Study provides evidence for spike protein-independent attenuation of SARS-CoV-2 Omicron variant

Severe acute respiratory syndrome coronavirus 2 (SARS-CoV-2), the causative agent of Coronavirus disease 2019 (COVID-19), wreaked havoc by mutating and circulating throughout the world.

Recently, COVID-19 has been profoundly affected by the emergence of the novel SARS-CoV-2 Omicron variant, B.1.1.529.  The Omicron variant appears to be displacing Delta, becoming the dominant circulating variant, in most countries across the world.

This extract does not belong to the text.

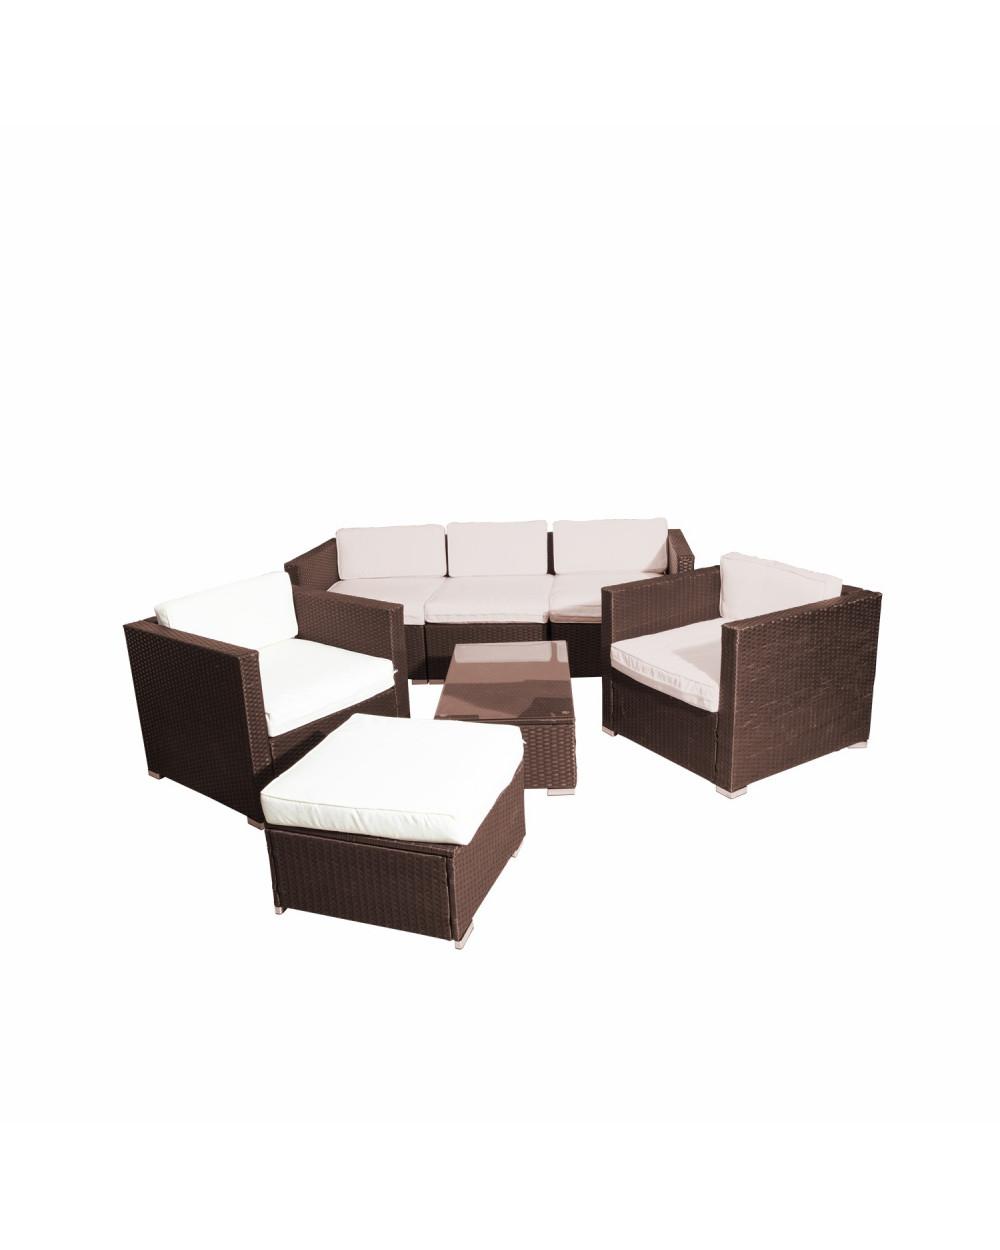 Familia Set Manhattan Sofa+2 Sillo+Ottoman+Mesa+Coji Rattan Black HIH-315

Study: Spike Protein-independent Attenuation of SARS-CoV-2 Omicron Variant in Laboratory Mice. Image Credit: ktsdesign / Shutterstock

Study: Spike Protein-independent Attenuation of SARS-CoV-2 Omicron Variant in Laboratory Mice. Image Credit: ktsdesign / Shutterstock

This news article was a review of a preliminary scientific report that had not undergone peer-review at the time of publication. Since its initial publication, the scientific report has now been peer reviewed and accepted for publication in a Scientific Journal. Links to the preliminary and peer-reviewed reports are available in the Sources section at the bottom of this article. View Sources

Studies have reported that the omicron variant is known to escape vaccine- or natural infection-elicited immunity, due to 30 plus mutations in its spike protein. The Omicron variant contains multiple amino acid changes within its receptor-binding domain (RBD), including S417N, T478K, E484A, Q493R, G496S, Q498R, N501Y, and Y505H, which may modify the virus's species tropism.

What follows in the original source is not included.